→ AIM OF THE TASK: Nothing but the lines below between the line holding "Infectious Pathogens May" and the line holding "The Nike Dunk", inclusive, should appear in the answer, each set down exactly.

═════ AVAILABLE RECORDS

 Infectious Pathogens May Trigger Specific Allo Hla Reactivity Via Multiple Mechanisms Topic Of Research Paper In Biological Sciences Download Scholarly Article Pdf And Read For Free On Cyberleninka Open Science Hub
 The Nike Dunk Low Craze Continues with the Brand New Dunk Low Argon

══════════
═════ AVAILABLE RECORDS

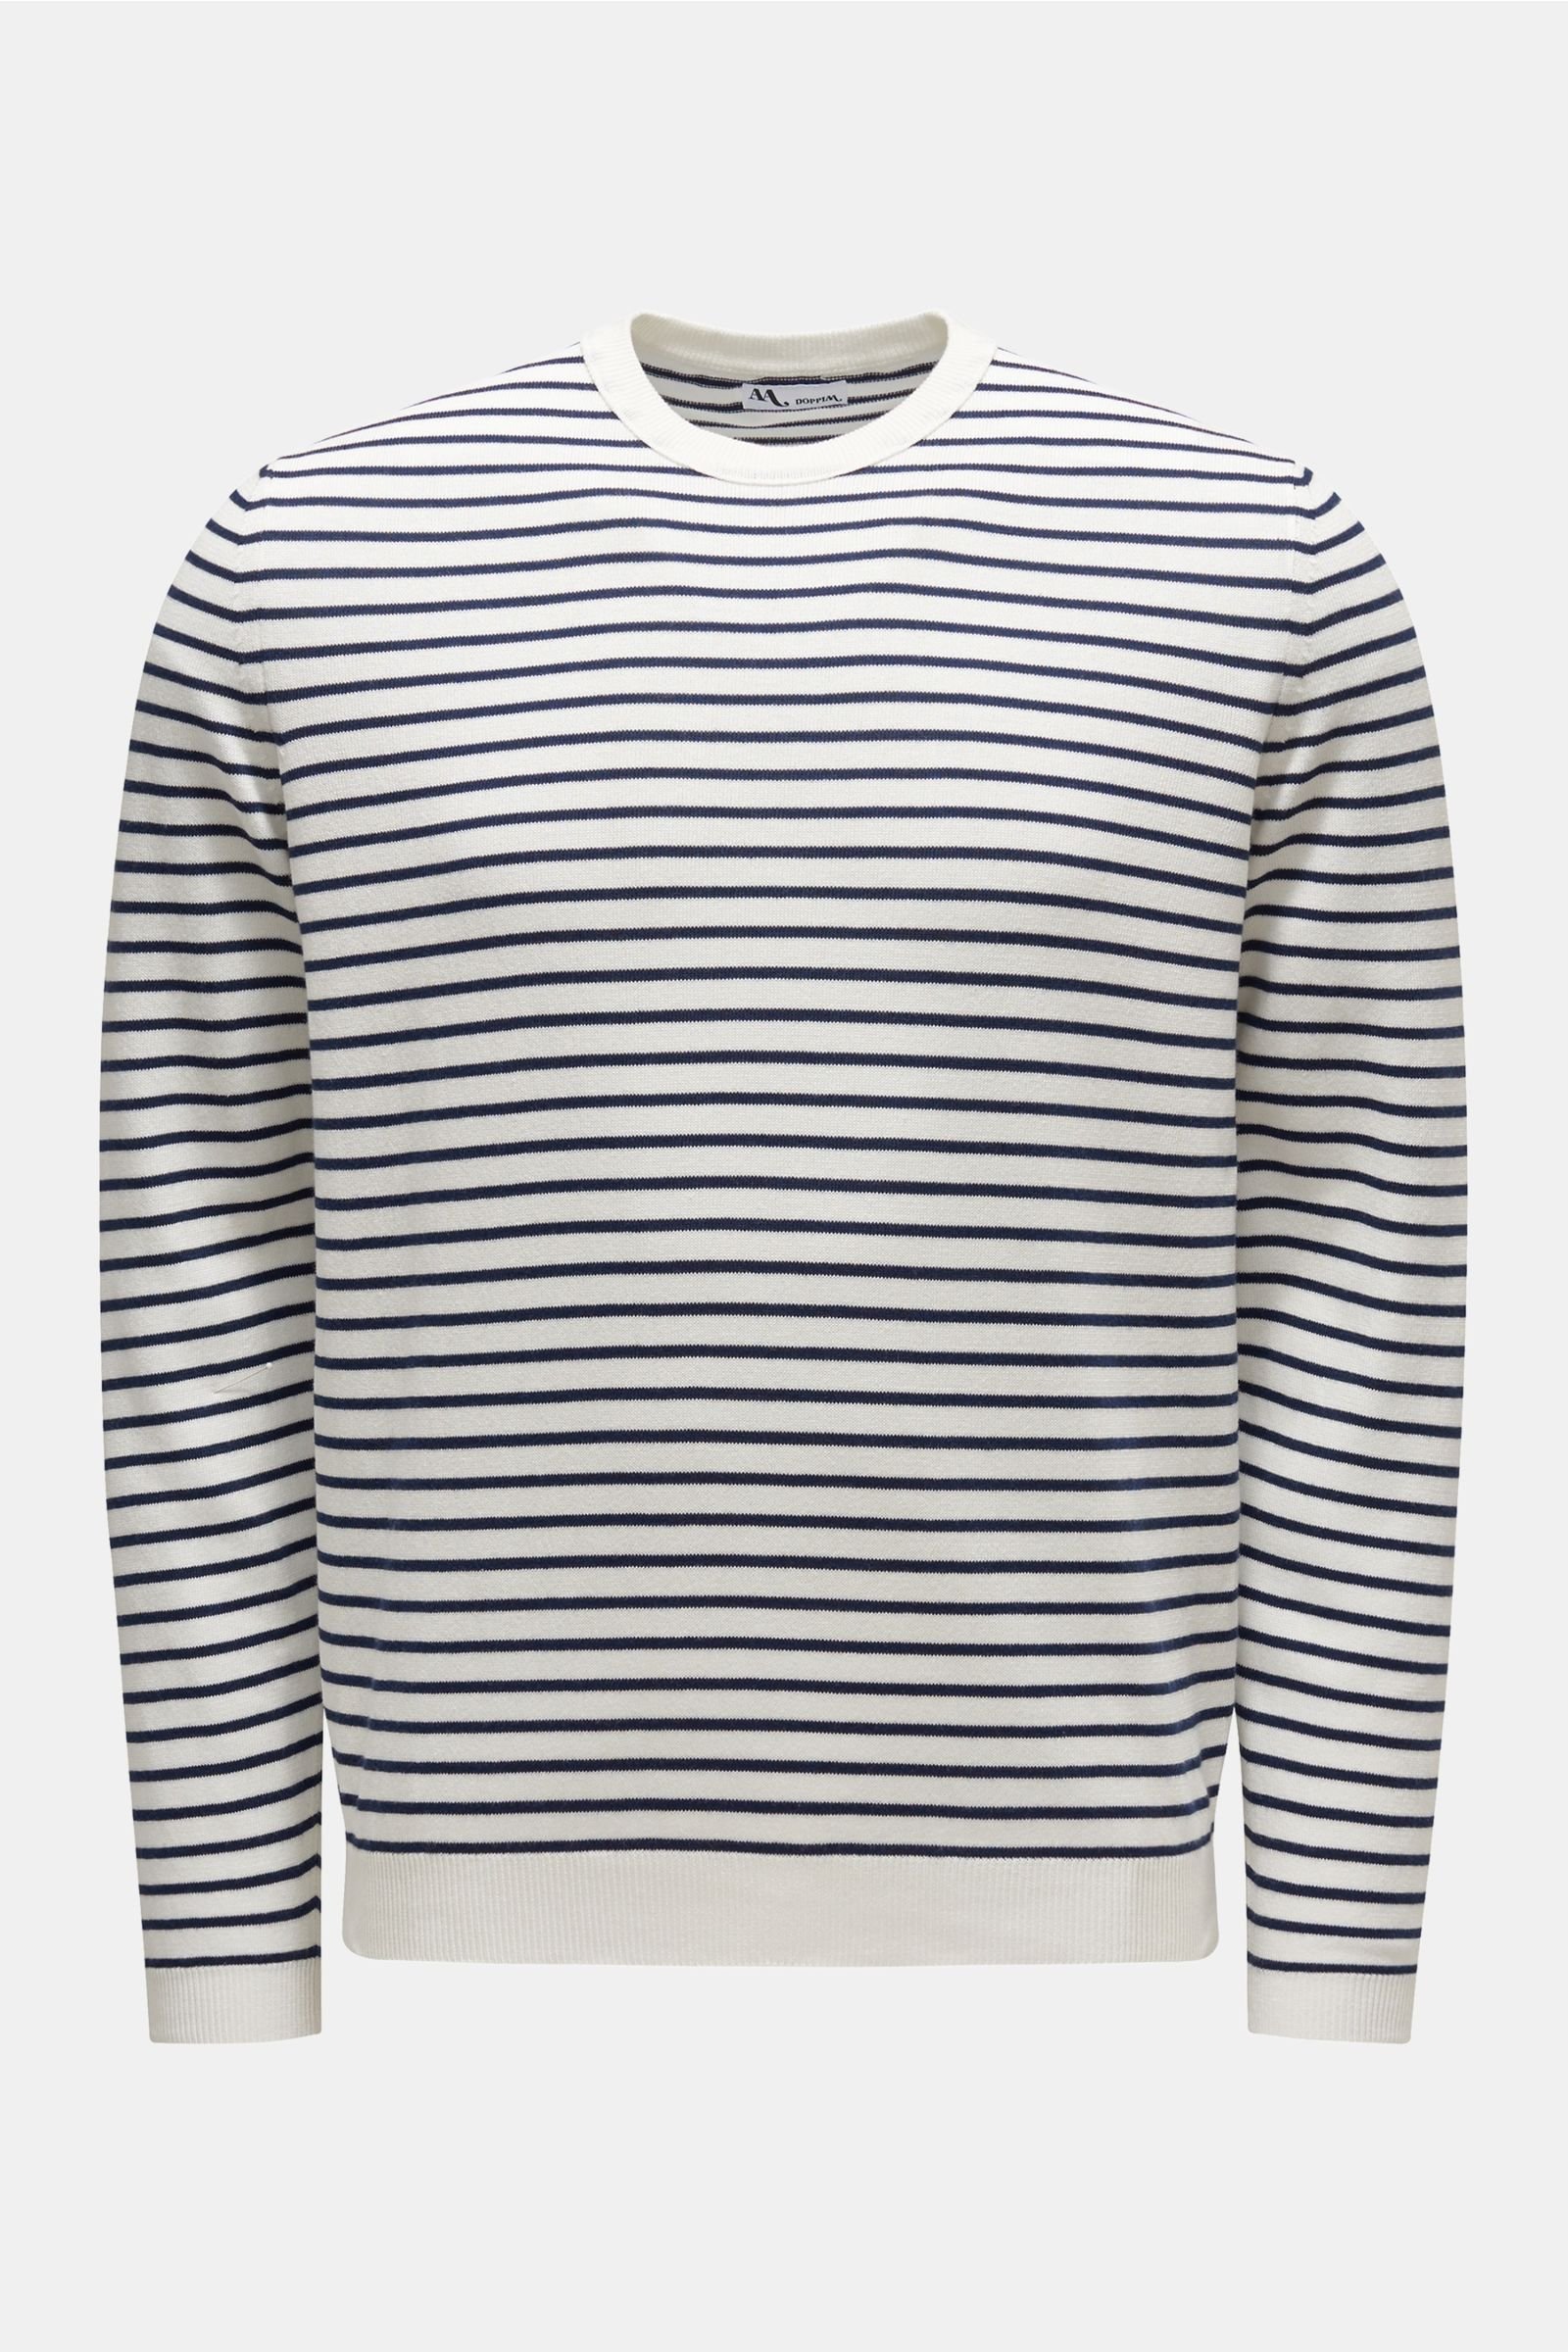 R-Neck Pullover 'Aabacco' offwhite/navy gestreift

══════════

→ ANSWER BOX:
 Infectious Pathogens May Trigger Specific Allo Hla Reactivity Via Multiple Mechanisms Topic Of Research Paper In Biological Sciences Download Scholarly Article Pdf And Read For Free On Cyberleninka Open Science Hub
 The Nike Dunk Low Craze Continues with the Brand New Dunk Low Argon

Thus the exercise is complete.